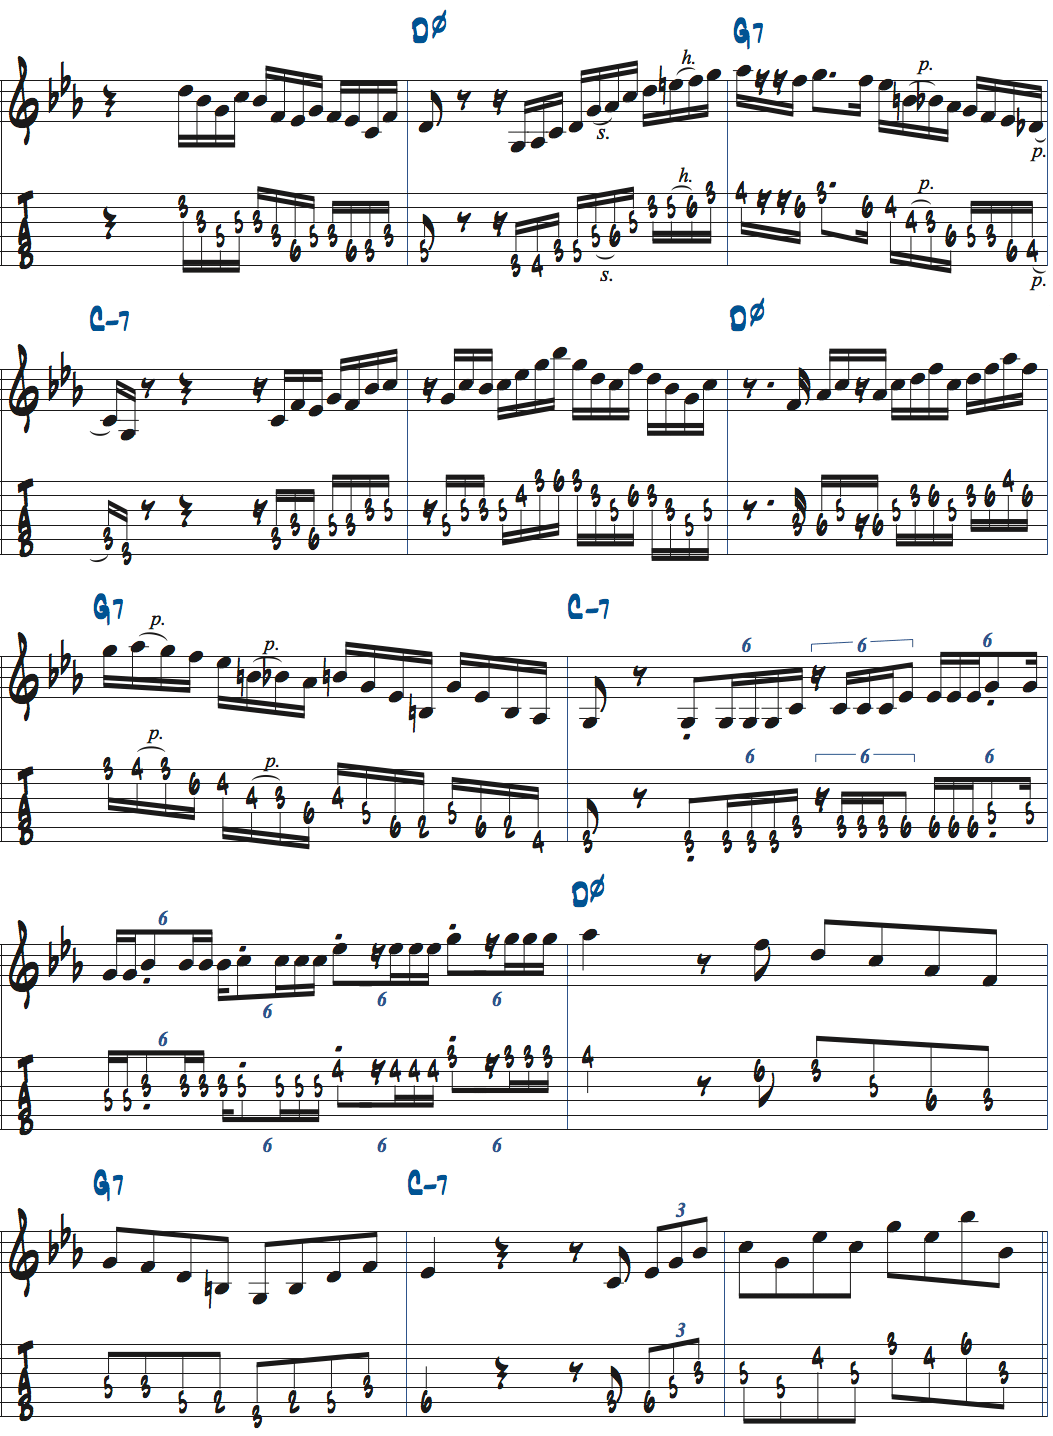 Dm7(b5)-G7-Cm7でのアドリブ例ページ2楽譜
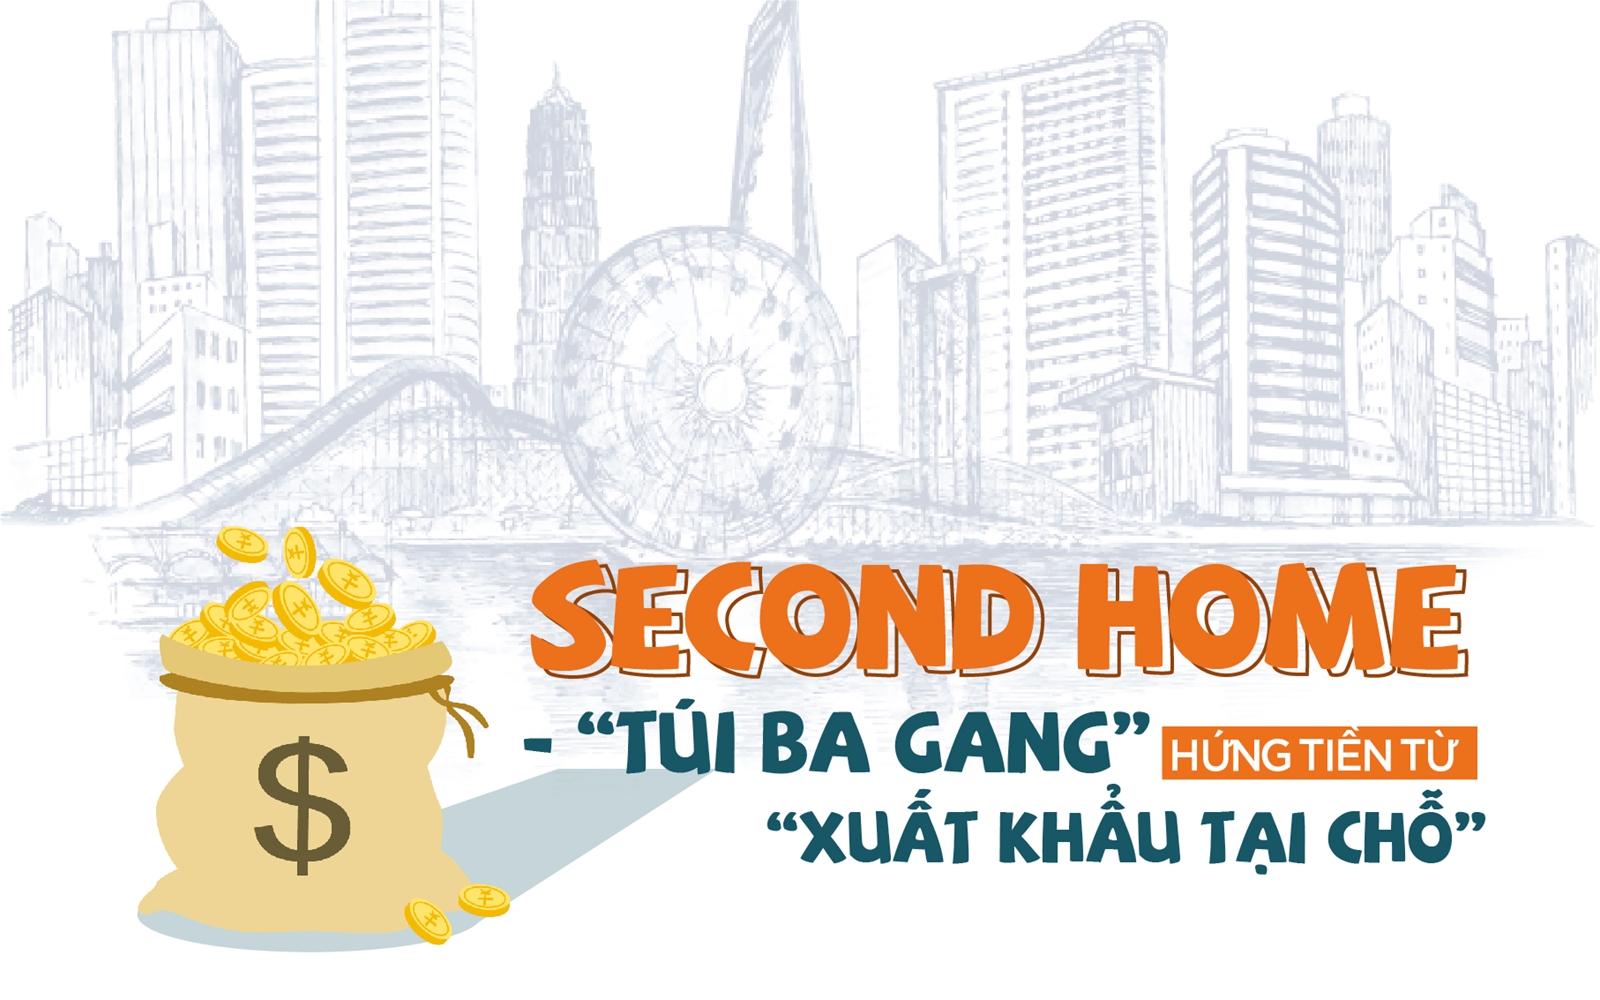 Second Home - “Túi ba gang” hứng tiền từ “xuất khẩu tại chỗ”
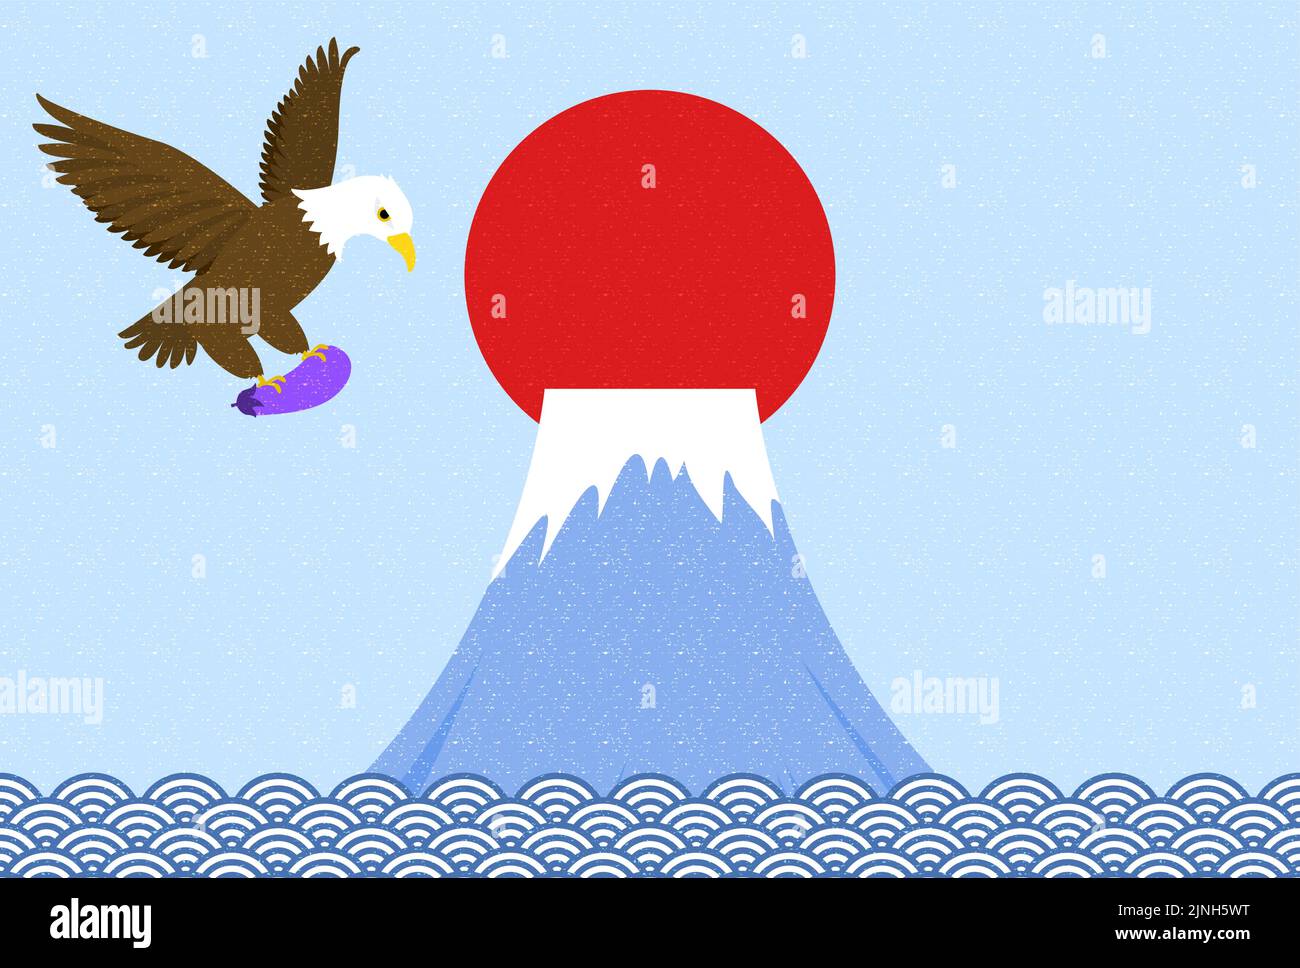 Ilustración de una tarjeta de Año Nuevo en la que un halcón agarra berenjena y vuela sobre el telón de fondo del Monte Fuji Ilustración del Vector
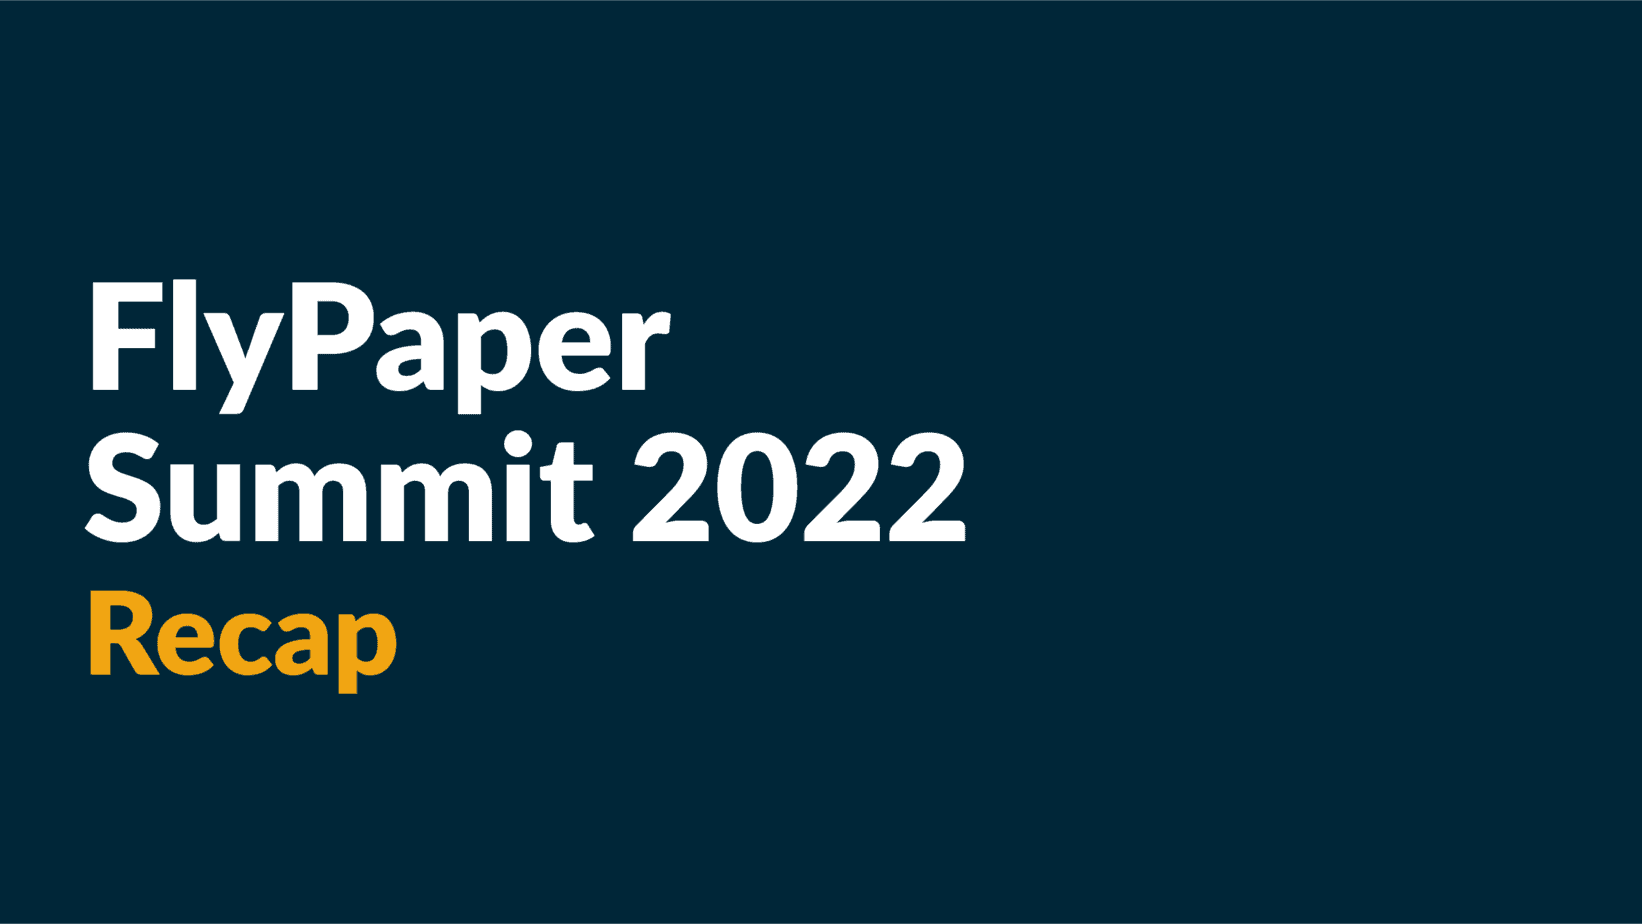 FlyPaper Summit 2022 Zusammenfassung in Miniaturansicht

- [Required action]:
Your response must consist of the material above, reproduced word for word, with the images omitted.

- [Task answer]:
 Dm7(b5)-G7-Cm7でのアドリブ例ページ2楽譜
 Second Home - “Túi ba gang” hứng tiền từ “xuất khẩu tại chỗ”
 Ilustración de una tarjeta de Año Nuevo en la que un halcón agarra berenjena y vuela sobre el telón de fondo del Monte Fuji Ilustración del Vector
 FlyPaper Summit 2022 Zusammenfassung in Miniaturansicht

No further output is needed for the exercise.